Deep sea teleoperation is an empirical technique and the operator needs to accumulate experience through a large number of practical simulations. However, deep sea robots and associated equipment are expensive to manufacture and maintain and frequent practice is impractical. In actual operation, the cost of sea and the risk of failure need to be considered, and in order to reduce the failure probability, a new hand has a chance to participate. These factors all contribute to the high cost of cultivating an experienced deep sea operator.
The invention provides a deep sea fine manipulation task implementation method based on simulation learning, which is an end-to-end method and aims to reduce the technical threshold of deep sea fine remote manipulation and save the high talent culture cost.
Disclosure of Invention
The invention aims to provide a deep sea fine manipulation task implementation method based on simulation learning, which is characterized in that virtual manipulation data is used as a teaching example, a model-free reinforcement learning algorithm is applied, and a manipulation strategy which can be migrated to an actual scene and has certain robustness and generalization capability is trained in a simulation environment, so that the technical difficulty of deep sea fine remote manipulation is reduced, and the intelligent degree of deep sea operation is improved.
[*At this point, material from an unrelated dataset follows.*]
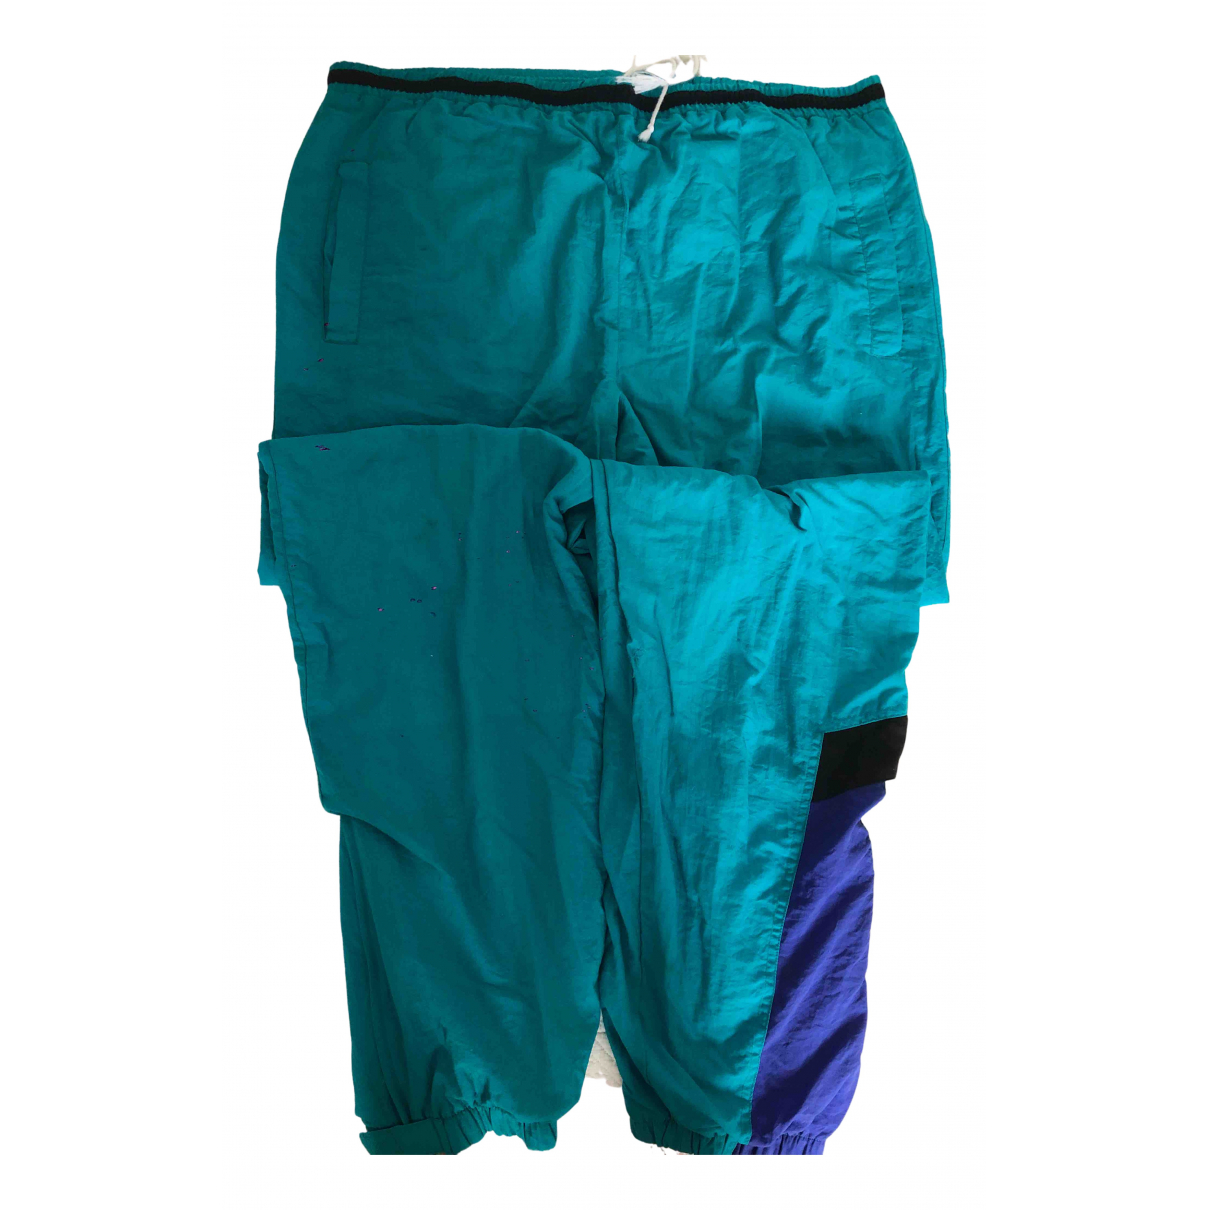 Pantalon en Poliester Turquesa Non Signe / Unsigned

The invention provides a deep sea fine remote control task implementation method based on simulation learning, which is characterized by comprising the following steps,
step S1: building a MuJoCo simulation environment of a target task, wherein the MuJoCo simulation environment comprises an executing mechanism such as a mechanical arm and the like and a control object;
step S2: an operator operates the mechanical arm in the simulation environment established in the step S1 to complete a target task, and software records the motion sequence of each joint of the mechanical arm, so as to provide a teaching example for the simulation training in the step S4;
step S3: an Actor-critical framework is adopted to construct a network, the observation input of a strategy network comprises information such as mechanical arm body motion, force feedback, vision and the like, and the output of the strategy network is a joint position instruction of each joint of the mechanical arm;
step S4: and (5) taking the teaching example in the step S2 as a simulation object, and training the network by applying a reinforcement learning algorithm which is not based on a model, so that the mechanical arm in the simulation environment can complete the target task with a success rate of more than 99%.
And step S5, migrating the trained strategy network to an actual scene, and completing the target task without manual intervention.
Further, the step S1 further includes adding noise parameters to the simulation environment, where the noise parameters are added to the positions of the joints of the mechanical arm.
Compared with the prior art, the beneficial effects of the invention are embodied in the following aspects:
the invention applies the simulation learning or the reinforcement learning to the deep sea fine manipulation task for the first time, is a new teleoperation means facing to the rich contact manipulation task in the extreme environment, improves the intelligent degree of similar operation to a great extent, and reduces the on-site operation difficulty. For a target task with a fixed scene, the establishment and the teaching of the simulation environment can be performed in advance to reduce the workload.
The invention adopts an end-to-end method and takes a neural network as a carrier to learn in a simulation environment to obtain a strategy with stronger robustness and generalization capability. The better robustness and generalization capability enable a finer touch-rich steering task to be achieved with this method and tolerate some disturbances and deviations, whereas traditional direct teleoperation relies entirely on the operator's steering level, without this advantage.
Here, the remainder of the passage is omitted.